Jumat, 14 Juni 2013

Ngomongin Tuhan sama dengan ngomongin yang ga Jelas?





Witgenstein dan Moore bilang bahwa sebuah persoalan dikatakan berguna jika yang di omongkan itu jelas, jelas mana “barangnya” dan mana orangnya . Kata mereka, sebuah pernyataan akan berarti ( ada artinya ) jika kata-kata yang digunakan untuk membuat pernyataan itu mempunyai reference, artinya lebih kurang adalah jika kita mengatakan “Tikus masuk got”, maka kita harus bisa mengidentifikasinya secara emphiris, “mana barangnya”??.
Mana yang disebut dengan “Tikus” dan apa yang disebut dengan “got”.
Artinya kira-kiranya begini, kata “tikus” adalah untuk menyebut benda yang ini. Kata “got” adalah untuk benda yang itu.  Harus gitu, harus jelas mana “barangnya”. Kalau tidak begitu maka semuanya hanya akan menjadi omongan sia-sia saja, apalagi kalau yang diomongin itu sudah nyangkut-nyangkut masalah yang rumit.
Masak ada orang yang bilang eksistensi itu artinya adalah ini dan yang lain mengatakan artinya adalah itu.

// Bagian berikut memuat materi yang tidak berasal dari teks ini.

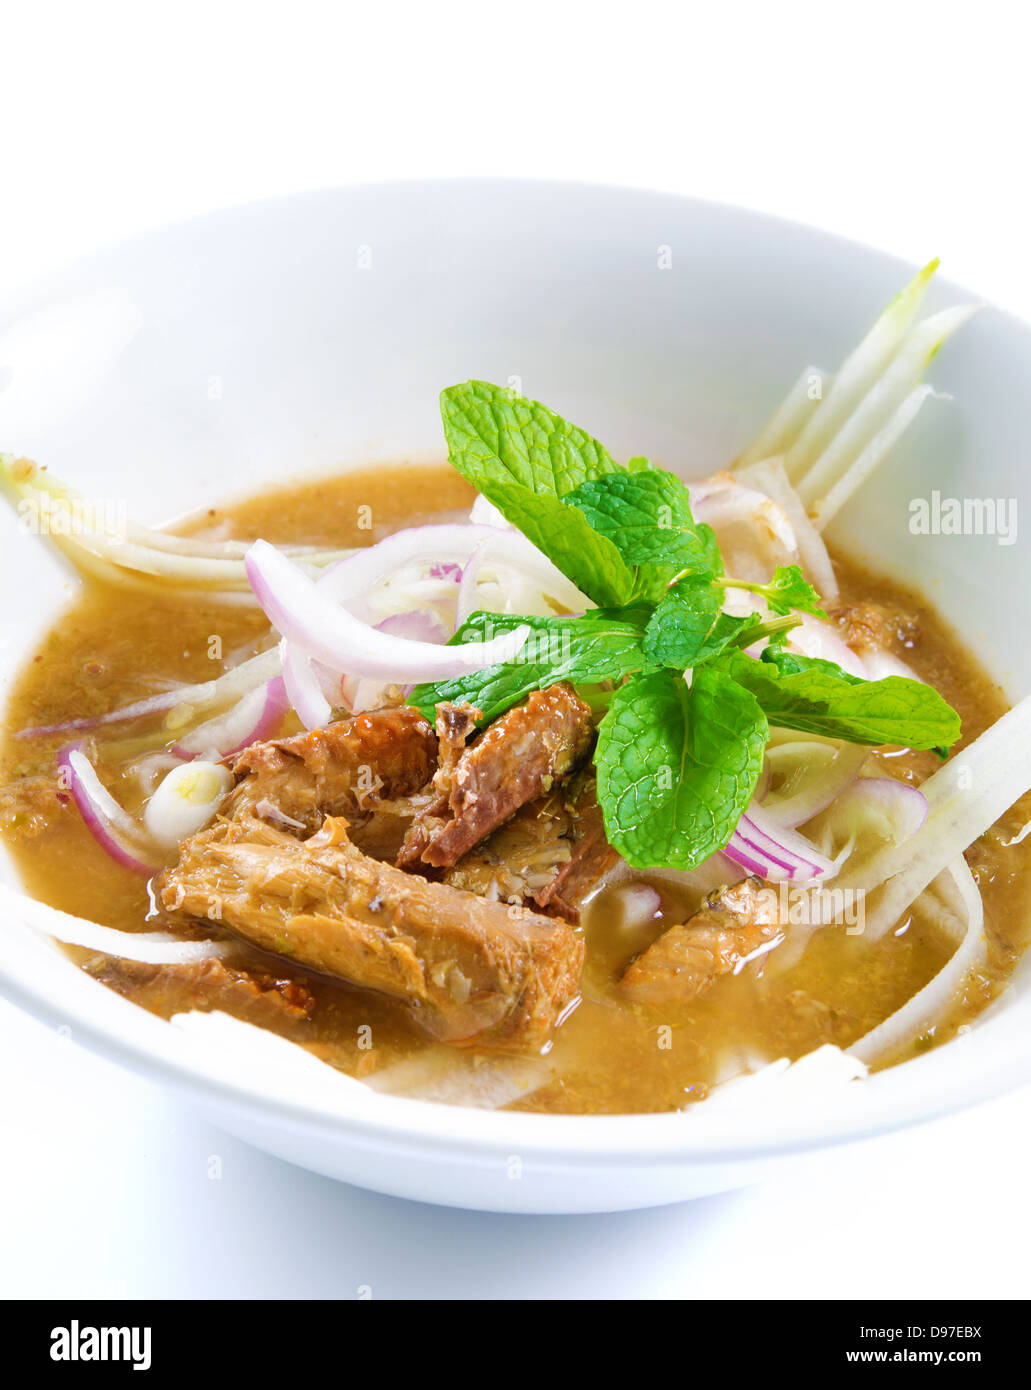 Assam or asam laksa is a sour, fish-based soup. Traditional Malay dish, malaysian food, Asian cuisine. Stock Photo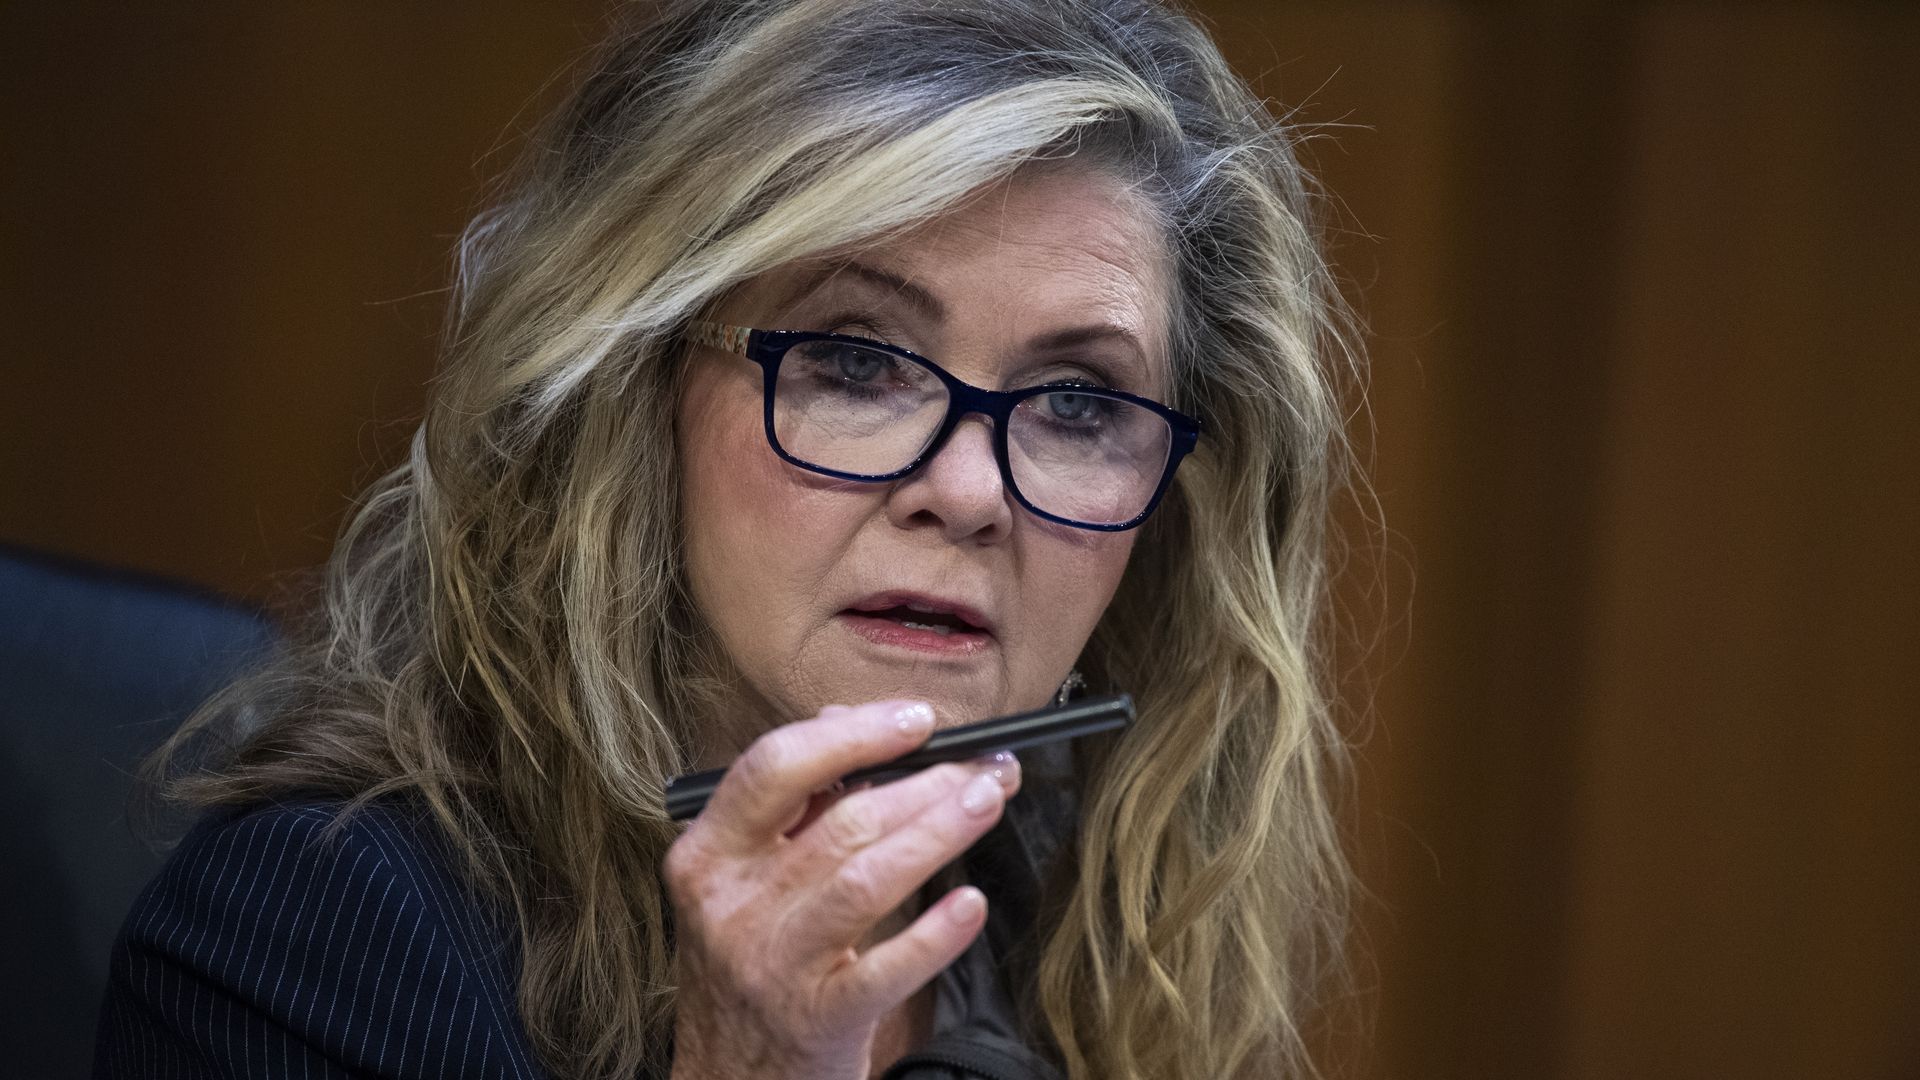 Marsha Blackburn, (R-TN) speaks during a Senate Judiciary Committee hearing to examine Texas's abortion law on Capitol Hill on September 29, 2021 in Washington, DC.

Ada yang bilang horizon itu artinya begini dan ada yang bilang artinya adalah begitu.
Kalau urusan dipasar loak sih mungkin tidak menjadi persoalan tetapi kalau sudah menjadi urusan ilmiah, apalagi urusan yang penting-penting maka hal seperrti ini tidak bisa di tolerir dan tidak bisa dikatakan ilmiah. Harusnya tidak perlu ada perbedaan pengertian antara sebuah “proper name” dengan benda realnya.
Kalau saya di Italia mengatakan kucing, maka arti kucing harusnya sama saja dengan di Prancis, Indonesia dan disemua negara bahwa yang disebut dengan kucing itu bendanya adalah yang ini, titik. Ga ada tafsir yang lain-lain lagi.
Karena itu, kata Witgenstein dan Moore lagi, kita harus bikin bahasa yang lebih canggih, yang mampu untuk memecahkan persoalan multi tafir itu, kita harus membuat apa yang disebut dengan “perpect language”. Caranya? Caranya adalah dengan membuat referensi real semua kalimat.  Kalau saya katakan mobil, maka refensi tentang mobil itu adalah yang itu, barangnya yang itu. Kalau saya katakan “sepeda” maka barangnya adalah yang ini. Ini barangnya dan barangnya memang ada. Ada secara real…
Lha? lantas bagaimana kalau barangnya ga ada? misalnya angin? atmosfir dan lain-lain? masak “barang” seperti itu ga ada?
Bukan begitu kata Witgenstein, “barang-barang” seperti itu tetap dianggap ada, yang saya maksud “real refence” adalah semua hal yang mau kita sebut itu haruslah bisa tersentuh dengan indra. Jadi kalau kita mengatakan “angin” maka barangnya adalah yang ini, tapi kalau kita sebut “udara” maka barangnya adalah yang itu, selanjutnya kalau kita mau menyebut “gas” maka yang disana itu dan kalau kita mau menyebut “nafas” adalah yang dihidung saya ini dan seterusnya…
Kalau kita simak teorinya Pak Witgenstein ini dan kita teruskan, bagaimana ya caranya dia untuk membuat refensi untuk kata-kata yang berhubungan dengan :
Tuhan (subject of theology),
Existensi (subject of metaphisics),
Kebaikan, Keburukan dan lain2 (subject of ethics)
Karena Tuhan, Eksistensi, Kebaikan, Keburukan dan lain itu “barangnya” ga ada, maka bisa disimpulkan bahwa menurut Pak Witgenstein bahwa ngomongin tentang Teologi, metafisik dan etik sama saja tidak berguna?
Ada yang punya pendapat ?
Bagaimana kita membuat dan proper name untuk kata “terimakasih” jika barang yang bernama “terimakasih” itu ga ada di toko atau di alam nyata?.

Bagaimana kita membaut proper name untuk  Tuhan jika “barang” yang bernama Tuhan itu tidak ada di toko dan dialam nyata yang bisa tersentuh indra?